● **Your instructions**:
Everything from the line containing "fotocamera reflex digitale Fujifilm nera" to the last line of the material below must be retyped exactly, both ends included; skip the pictures.

● **Source material**:

· · · ·

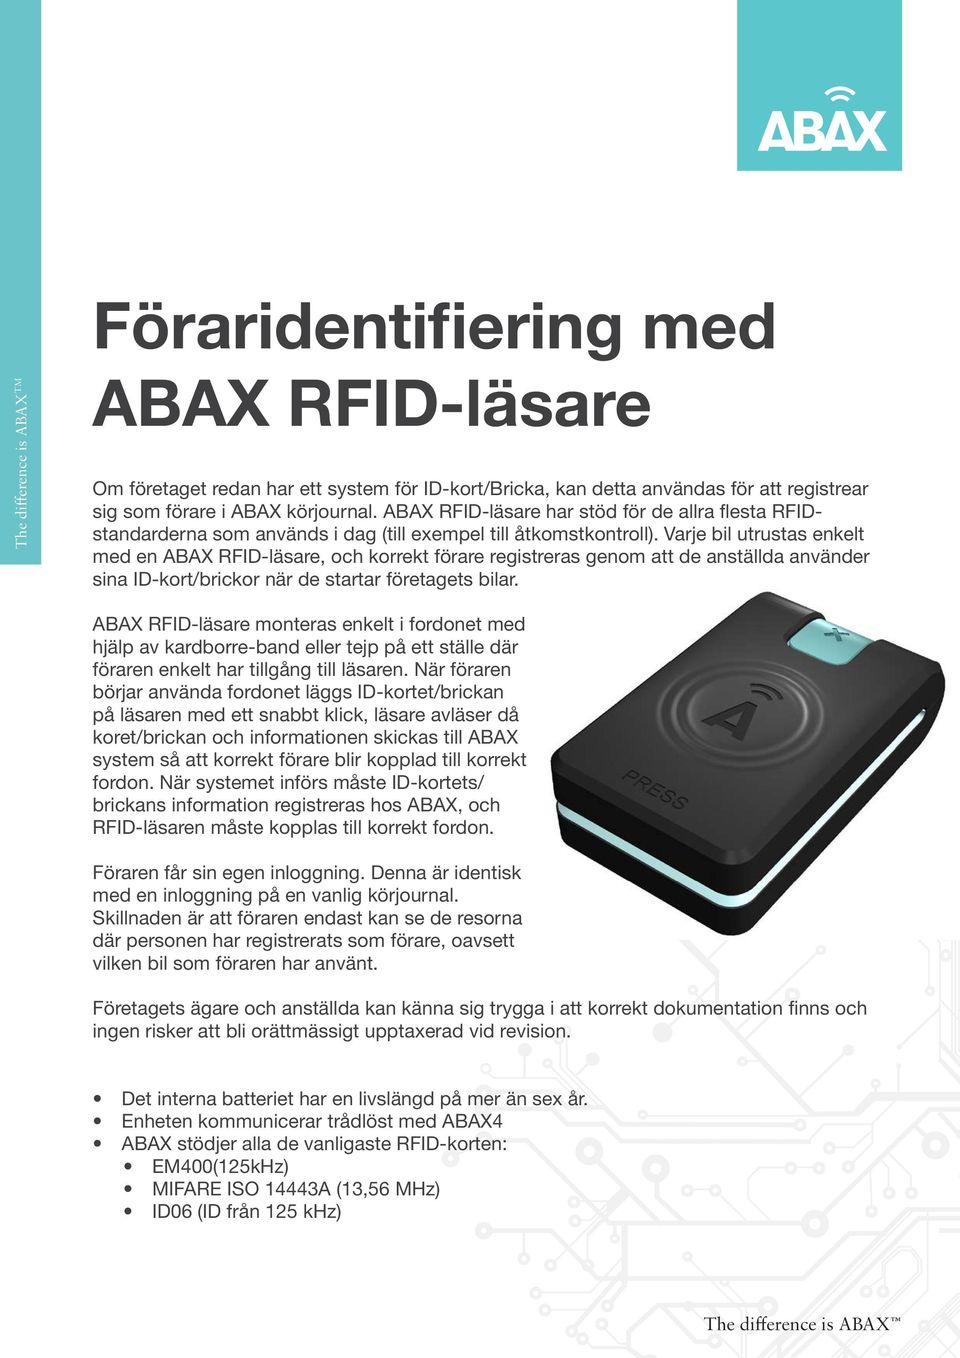 Varje bil utrustas enkelt med en ABAX RFID-läsare, och korrekt förare registreras genom att de anställda använder sina ID-kort/brickor när de startar företagets bilar.
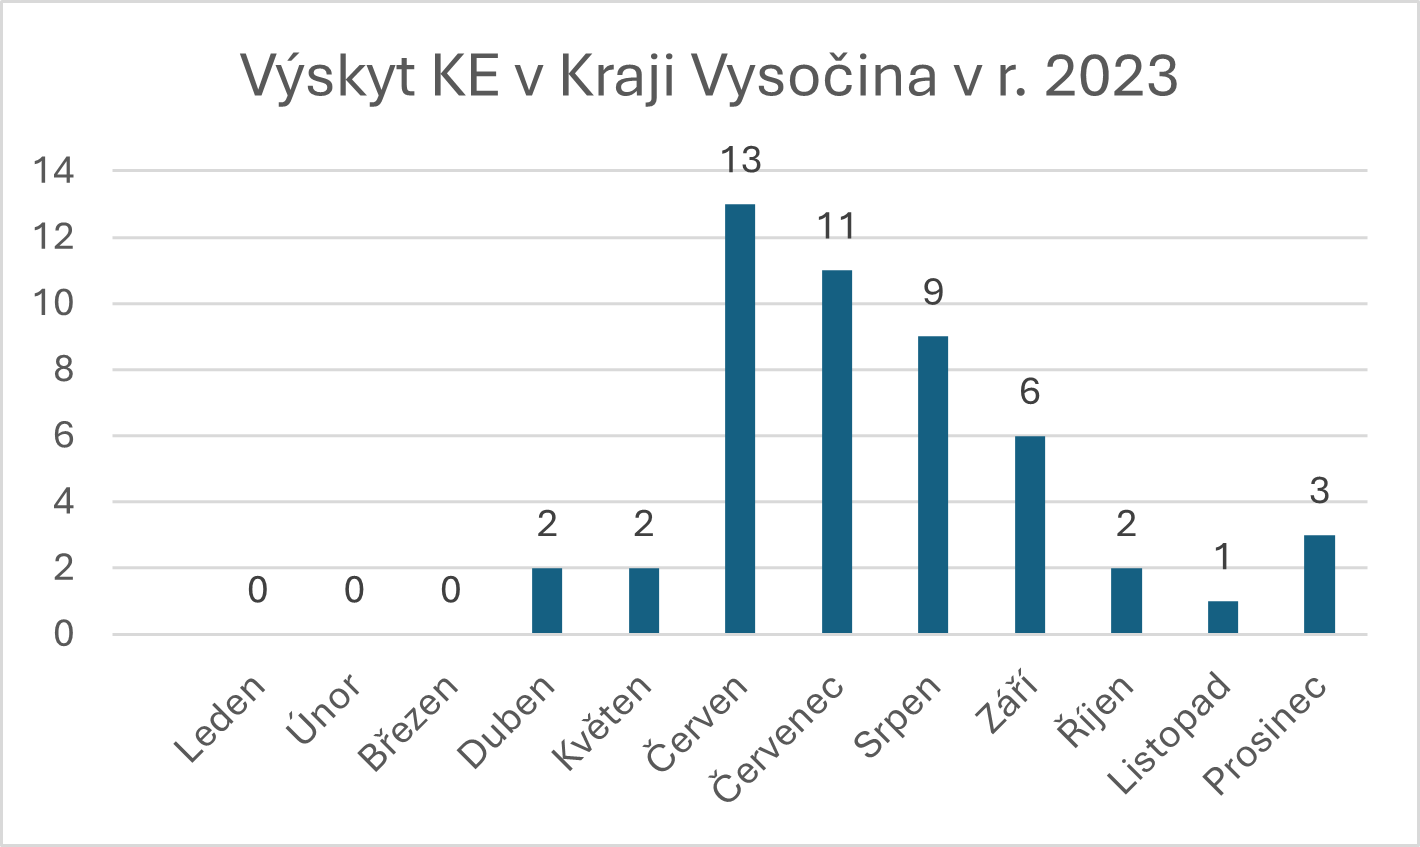 Graf počty případů klíšťové encefalitidy v Kraji Vysočina za rok 2023
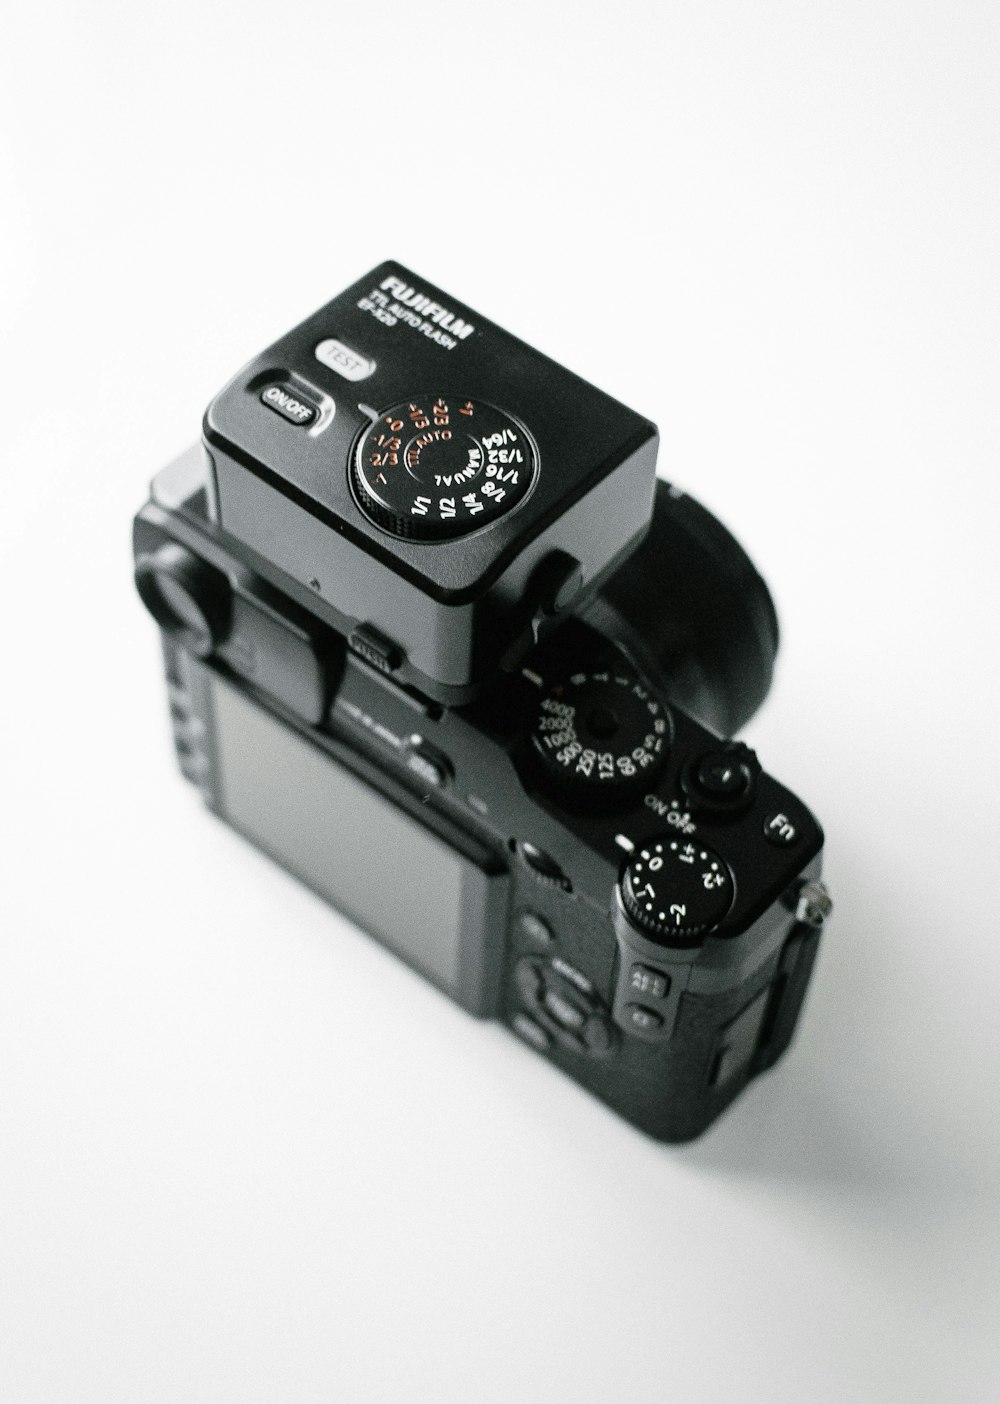 fotocamera reflex digitale Fujifilm nera
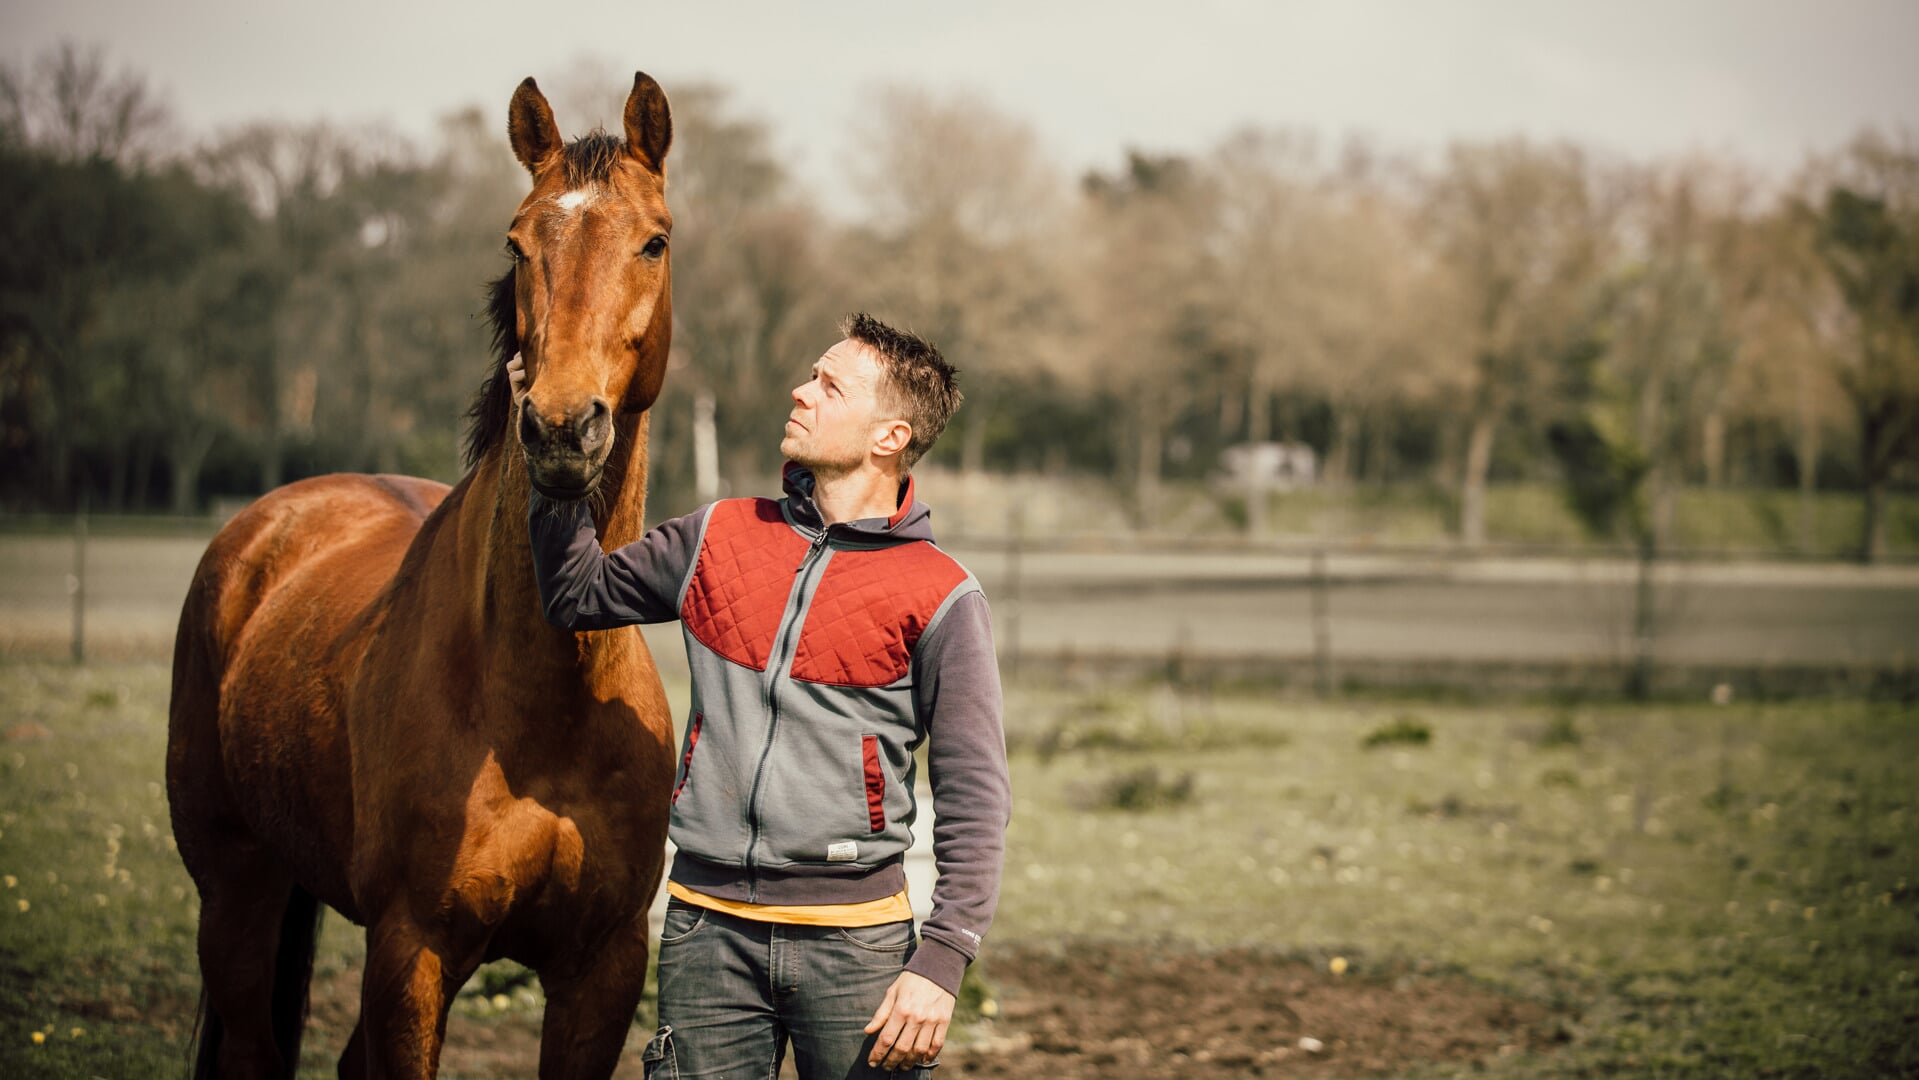 Maarten Wenting, de Grand Prix ruiter, die zijn paarden 24/7 in de wei laat, is een van de deelnemers aan het NewQuestrian Event.

· · · ·

● **Problem solution**:
 fotocamera reflex digitale Fujifilm nera
 Maarten Wenting, de Grand Prix ruiter, die zijn paarden 24/7 in de wei laat, is een van de deelnemers aan het NewQuestrian Event.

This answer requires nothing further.